The lower nitrogen amounts led to decreased vegetative growth [27]. Since the plant height increases were similar in the I₂ and I₃ irrigation programs, the 20 kg da⁻¹ instead of 30 kg da⁻¹ nitrogen dose has sufficient potential for plant height. This situation also provides savings for nitrogen fertilizer. Altay and Müftüoğlu (2004) reported that the vegetative growth of plants was negatively affected by excess nitrogen [55]. The highest nitrogen dose used was 30 kg da⁻¹ in this study. So, it can be recommended that higher nitrogen doses should be studied in the next studies. The increasing rate in treatment without water stress and no nitrogen dose was higher than the I₃N₃ application, which was exposed to severe water stress and the application of the highest nitrogen dose. When some vegetative development parameters measured in the project were evaluated together, cyclamen kept on growing in conditions with no applied nitrogen.

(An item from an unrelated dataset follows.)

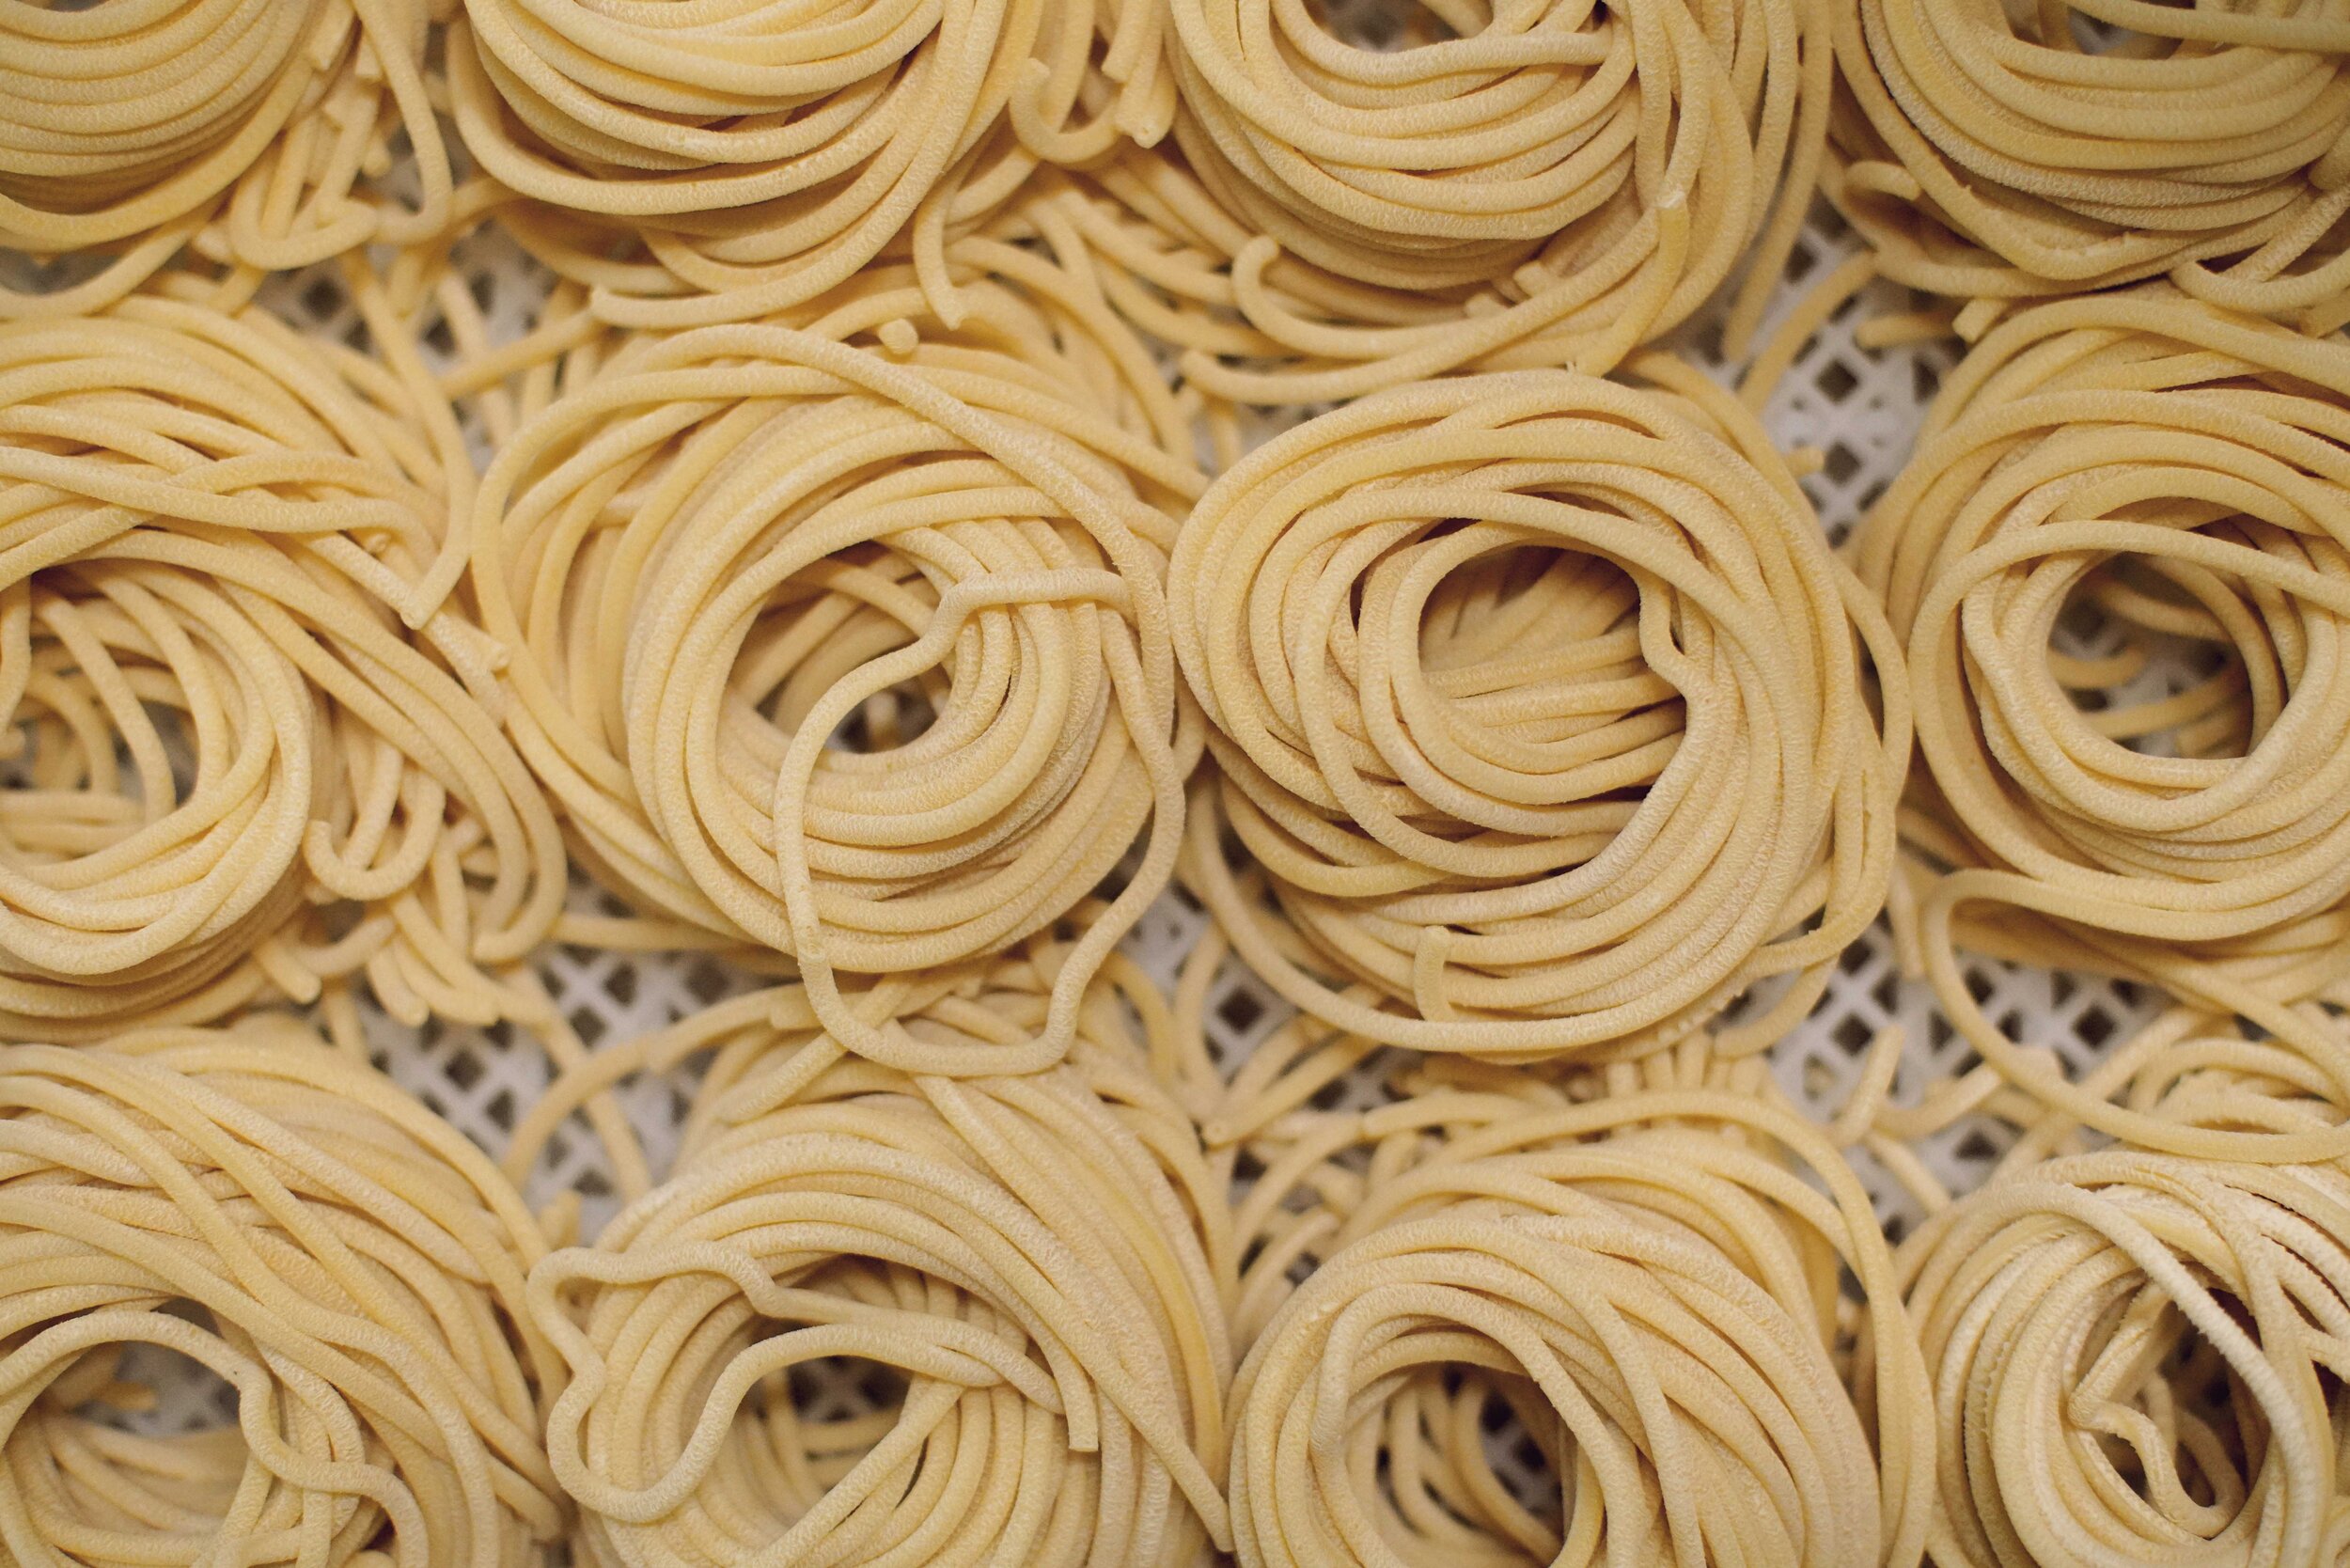 marissa-evans-osteria-pasta-making-1905-small.jpg
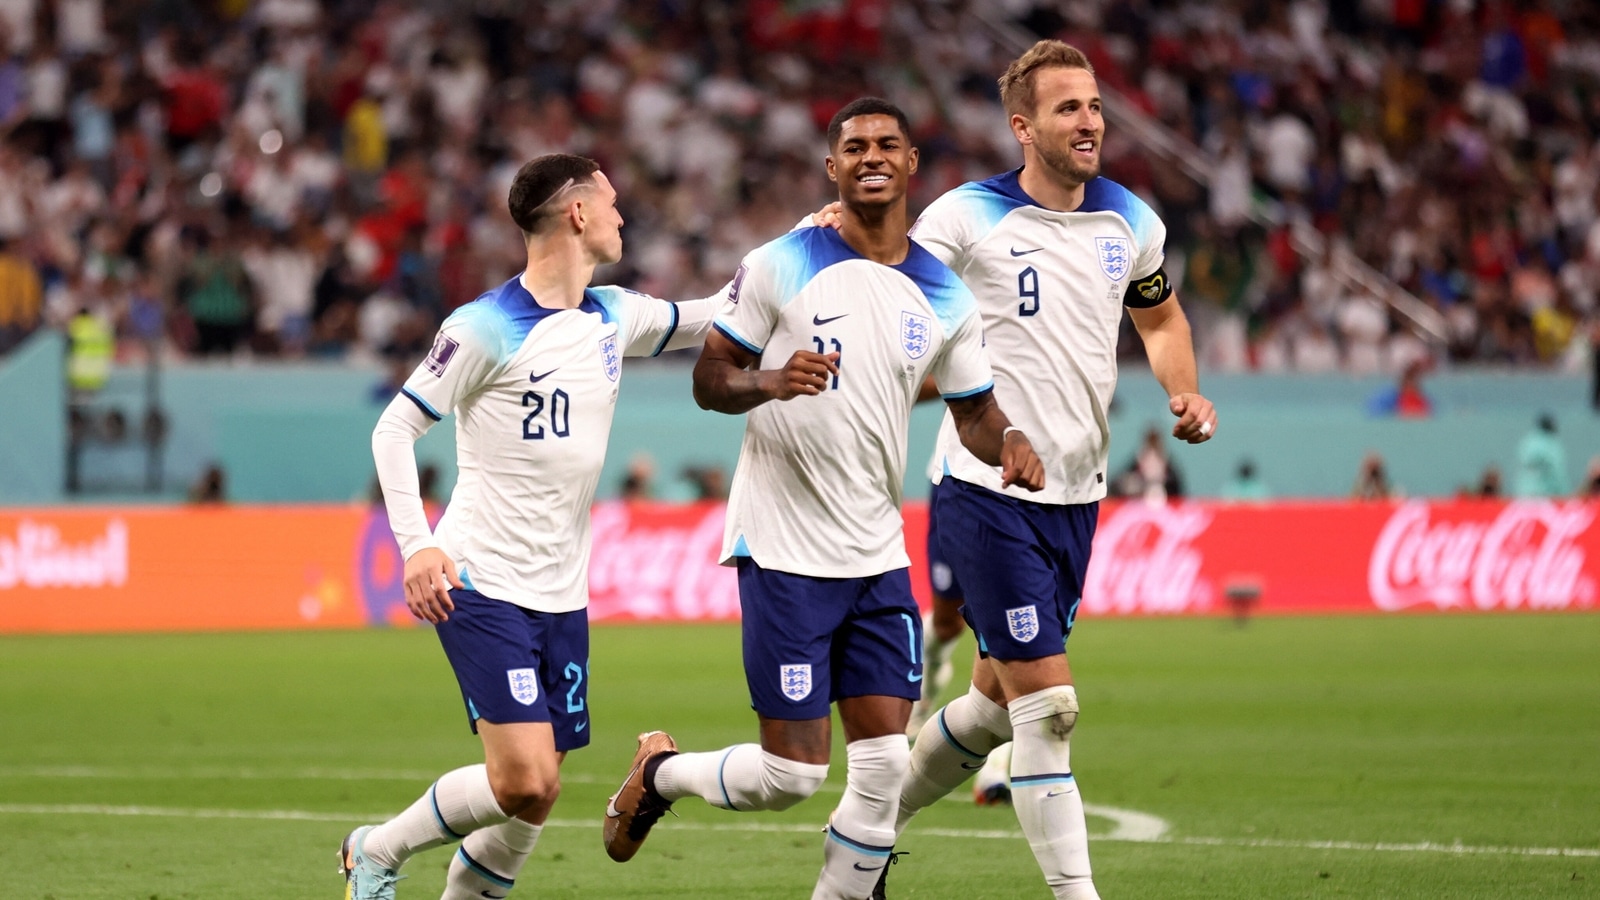 England vs USA, FIFA World Cup 2022 Highlights England, USA play out 0

In this study, it was found that increasing nitrogen doses increased the number of flowers. It can be said that increasing nitrogen doses increases vegetative development and that increasing vegetative development positively affects flower formation. The highest number of flowers was obtained from N₂ and N₃ nitrogen doses. If a high number of flowers are targeted in cyclamen growing, irrigation should be conducted without creating water stress conditions (I₁), and N₂ and N₃ nitrogen doses should be applied. N₂ application can be recommended to growers to save on nitrogenous fertilizers for providing the highest number of flowers. The I₂N₃ treatment with moderate water stress and the highest nitrogen dose, and the I₁N₂ treatment with no water stress and nitrogen applied at the N₂ level were in similar statistical groups. This result showed that if the amount of the irrigation water source is sufficient, the same number of flowers will be obtained by using less nitrogen fertilizer (I₁N₂). Water stress negatively affected New Guinea Impatiens and limited total flowering [33]. Flower stalks of chrysanthemum, another ornamental plant, were affected by different irrigation water amounts [56]. The longest flower stalk lengths were obtained from the treatment that applied the highest amount of irrigation water. Yazıcı et al. (2020) reported that nitrogen applications increased the flower stalk of Dahlia spp. [57].

5. Conclusions

Each irrigation program and nitrogen dose had significant effects on plant water consumption and the vegetative (plant width, plant height, leaf stalk length) and generative (numbers of flowers, flower stalk length) growth of C. persicum Mill. Moderate and severe water stress negatively affected all parameters.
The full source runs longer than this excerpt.